The student will attend relevant atmospheric and ecological courses available in the UoE
Schools of GeoSciences & Chemistry. Specific skills training will include training in analytical
techniques, particularly in gas chromatography and mass spectrometry. The student will
make use of excellent computing facilities within both CEH and UoE, and will gain expertise
in statistical packages (Genstat, Minitab, SigmaPlot, R), and use of spreadsheets (Excel) for
storing and manipulating data. CEH provides underpinning research on a wide range of
environmental sampling programmes and the student will receive professional training in
health and safety during fieldwork, and in obtaining reliable field-based data, permitting them
to design and execute an appropriate sampling regime. The student will also be encouraged
to attend relevant NERC summer schools and to present results at national and international
scientific meetings. The student will also benefit from training at Forest Research Northern
Research Station to access information on SRF practices, trials and long-term experiment
information, and gaining practical experience from researchers in forest science.
Requirements
Candidates should have a good undergraduate or Masters degree in environmental,
chemical or physical sciences, with a strong focus on analytical skills. Willingness to
undertake regular (UK) fieldwork and a driving licence are essential.
References
Copeland, N., Cape, J. N., Heal, M. R. (2012) Volatile organic compound emissions from Miscanthus and short
rotation coppice willow bioenergy crops, Atmospheric Environment 60, 327-335.
Drewer, J., Finch, J. W. et al. (2012) How do soil emissions of N2O, CH4 and CO2 from perennial bioenergy crops
differ from arable annual crops? Global Change Biology Bioenergy 4, 408-419.
Morrison E.C., Drewer, J., Heal, M.R. (2014) A comparison of BVOC fluxes from the perennial bioenergy crops
short-rotation coppice willow and Miscanthus and the annual arable crops wheat and oilseed rape, Global Change
Biology Bioenergy, under review.
McKay, H. (ed.) (2011) Short Rotation Forestry: review of growth and environmental impacts.
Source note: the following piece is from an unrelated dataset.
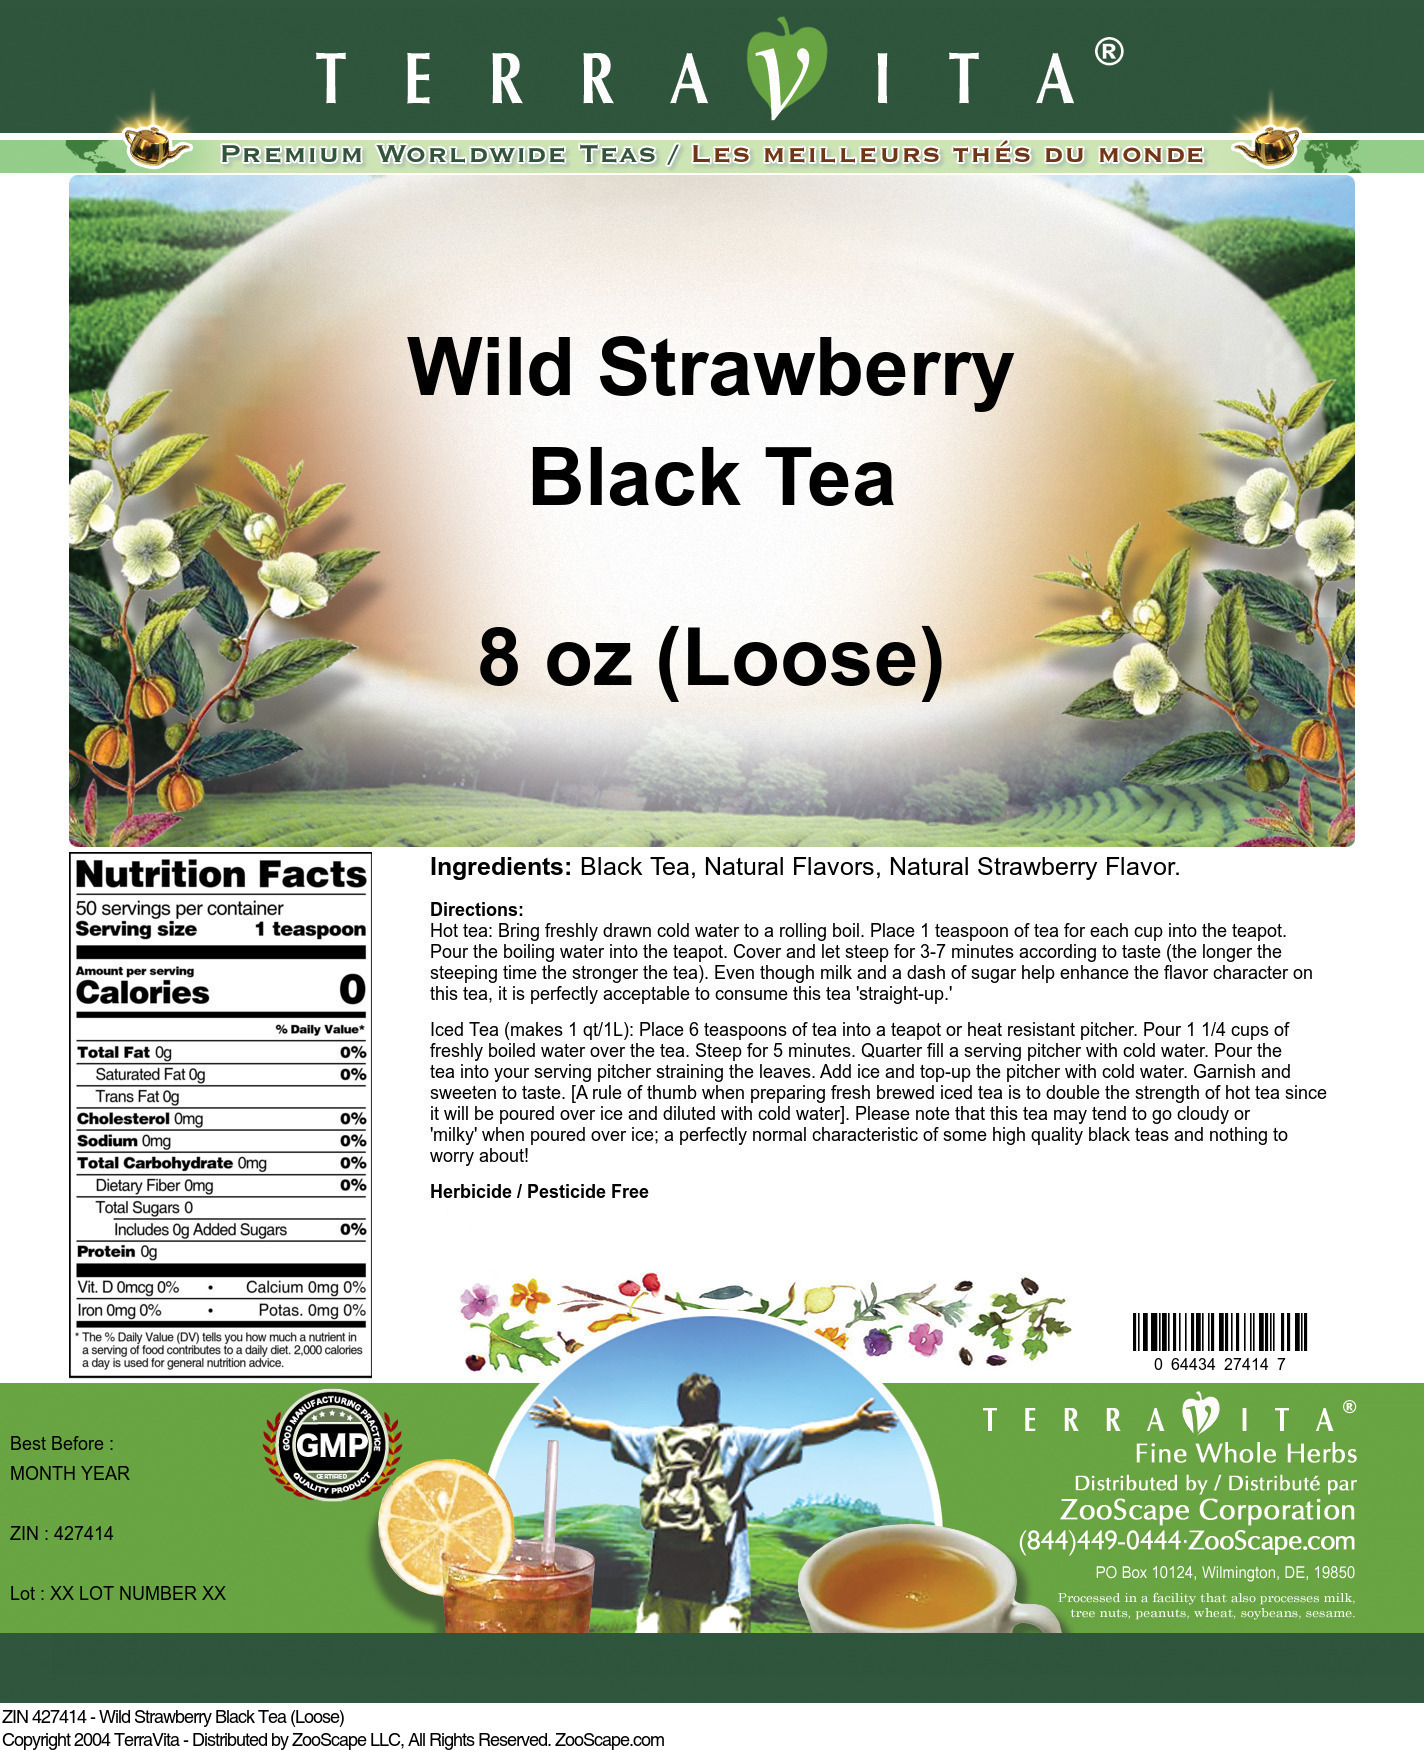 Wild Strawberry Black Tea (Loose) - Label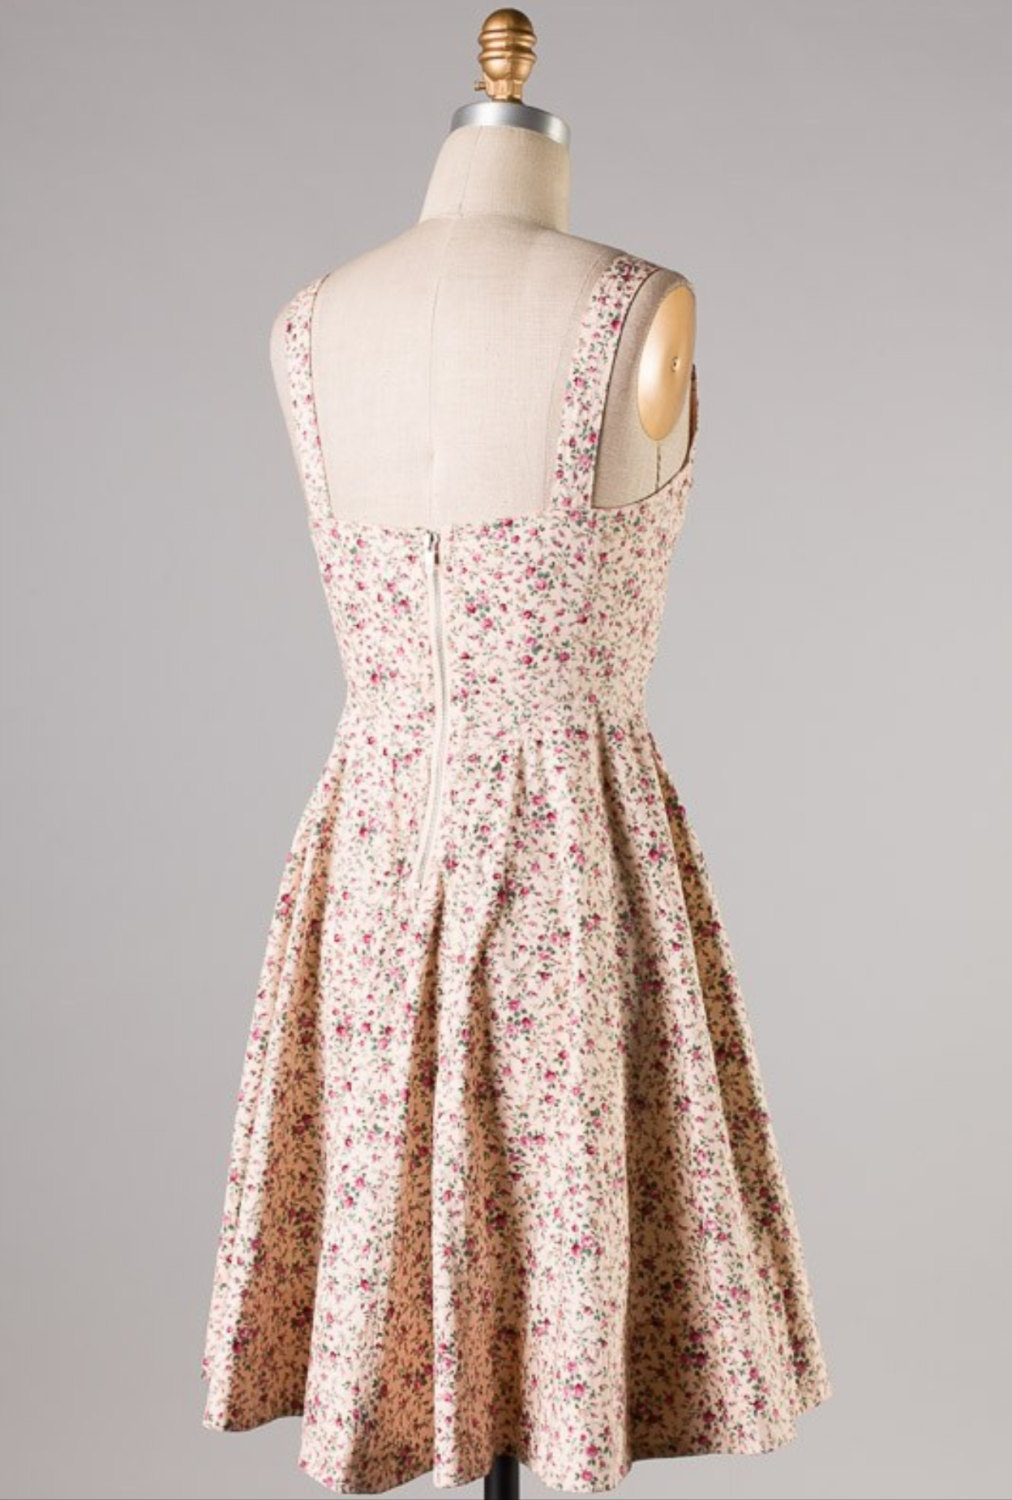 Sleeveless Empire Neckline Floral Printed Dress.Summer Dress,Chiffon ...

Forest Research
Monograph, 2, Forest Research, Surrey, 212pp
http://www.forestresearch.gov.uk/pdf/FRMG002_Short_rotation_forestry.pdf/%24file/FRMG002_Short_rotation_forestry.pdf
Project summary
This project will investigate the magnitude and determinants of variations in biogenic VOC
emissions from different species of short-rotation forest that are being proposed in the UK to
provide biomass to fulfil renewable energy requirements.